Scientists who focus on broad phenomena of cell development, such as signaling molecules, rather than on particular diseases, will also be strategically based. A scientist who focuses on sonic hedgehog, which plays a key role in the differentiation of neural stem cells, will likely be based near scientists interested in treating brain diseases.
"They'll attend the same symposia and lab meetings and interact informally," said Kriegstein.
The opportunity to work within this environment, said Kriegstein, will support the recent and future recruitment of premier young stem cell scientists to the faculty.
Opportunity to Expand Research
A new building will play a critical role in enabling UCSF scientists to expand their human embryonic stem cell studies on campus.
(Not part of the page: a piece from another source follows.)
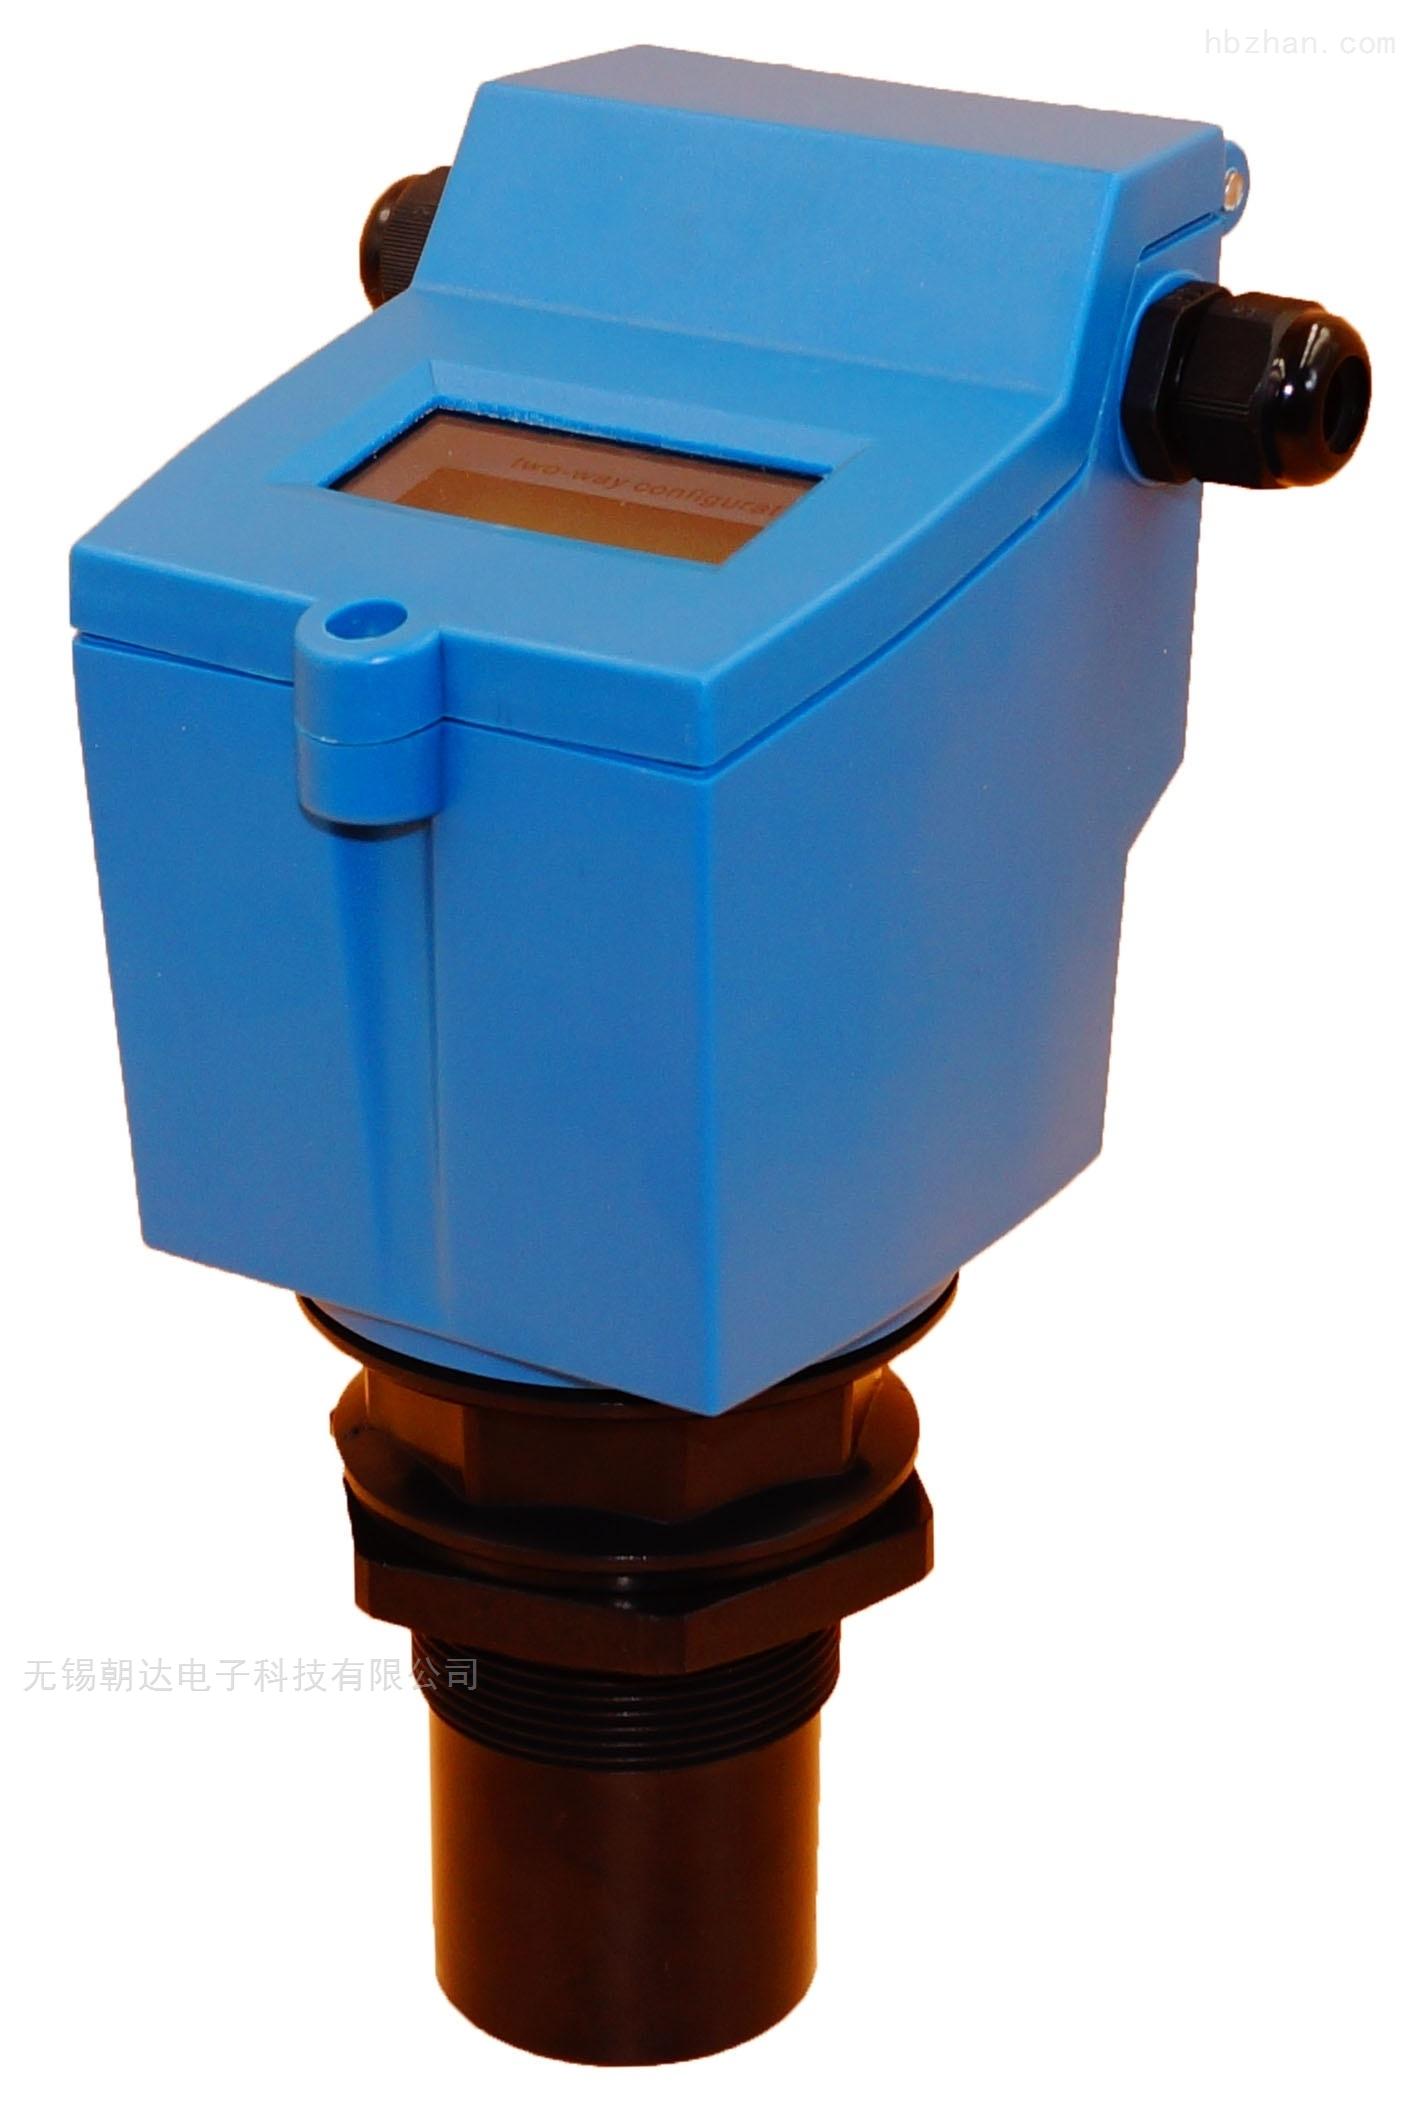 台州超声波液位计厂家价格

For the last three years, scientists have been conducting this research off of University property, due to federal funding restrictions that severely restrict the ability to carry out research involving human embryos in federally funded buildings. Most university labs are supported in part by federal funds.
One lab has been carrying out its research 30 miles away from the Parnassus Campus, at Geron Corp., which funds part of its research. Another lab has been conducting the research in rented space in a former commercial office in San Francisco. During this time, the labs have derived a total of 11 new lines of human embryonic stem cells.
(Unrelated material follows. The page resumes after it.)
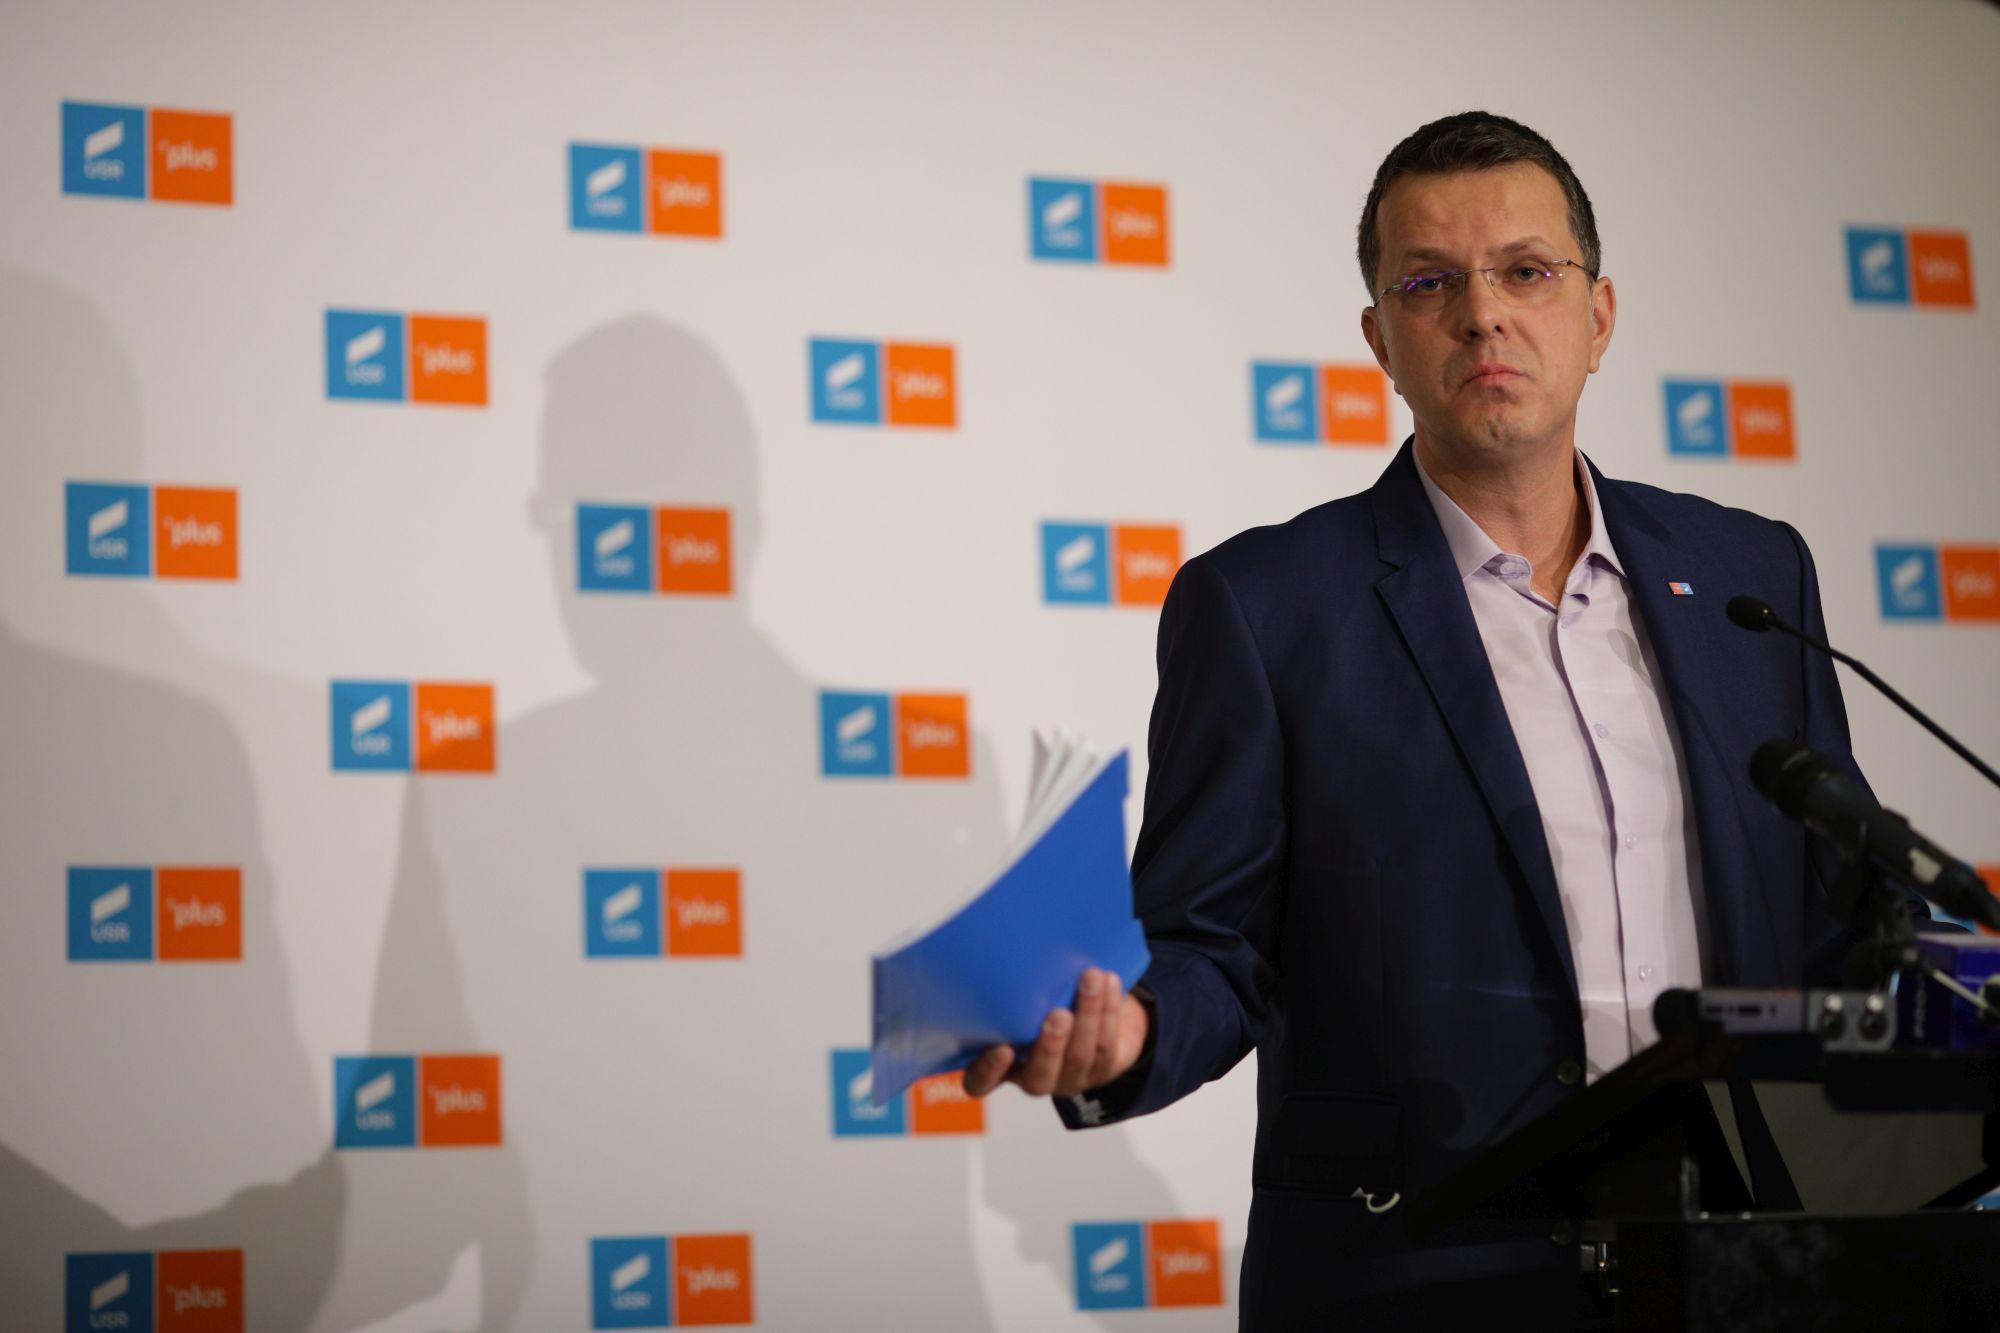 """Ionuţ Moşteanu: """"Încercări disperate de a muta discuţia de la faptul că Florin Cîţu foloseşte banii publici pentru a-şi cumpăra voturi la Congres"""""""

In order to bring this research back to the UCSF campus as soon as possible, UCSF is currently renovating space – without federal funds -- within an existing building on the Parnassus Campus. This renovated laboratory, expected to be completed by late this summer, will be the home of the UCSF Human Embryonic Stem Cell Center, co-directed by Renee Reijo Pera, PhD, UCSF associate professor of obstetrics, gynecology and reproductive sciences, and Susan Fisher, PhD, UCSF professor of cell and tissue biology.
With the planned construction of a building, however, there will be the opportunity to expand the human embryonic stem cell research program beyond the renovated space, allowing for additional scientists to carry out studies, and for scientists based at the Center to work in tandem with those in the new building.
Thus, scientists studying somatic cell nuclear transfer, or therapeutic cloning, in the Human Embryonic Stem Cell Center, will be able to collaborate with numerous scientists in the new building who are interested in cell reprogramming.
"This is a very exciting time in the history of UCSF's program, and the field overall," said Kriegstein. "UCSF's rich environment of discovery has led to major breakthroughs in our understanding of how cells progress from undifferentiated stem cells toward the specialized cells that together form the different organs in our body. Moreover, scientists are starting to understand the molecular and cellular mechanisms of tissue and organ development, and the cell physiological basis of many degenerative diseases.
"The convergence of these advances in developmental biology and stem cell research has created a new paradigm in clinical medicine, where treatments for traumatic and degenerative disorders can involve the regeneration of injured tissues or organs. UCSF is at the forefront of this advance. With a tradition of excellence in clinical care and the infrastructure to conduct clinical trials in virtually every clinical arena, the Institute is poised to transfer basic research advances into patient therapies," he added. "We are extremely grateful to Mr. and Mrs. Dolby for supporting us," Kriegstein said.
UCSF is a leading university that consistently defines health care worldwide by conducting advanced biomedical research, educating graduate students in the life sciences, and providing complex patient care.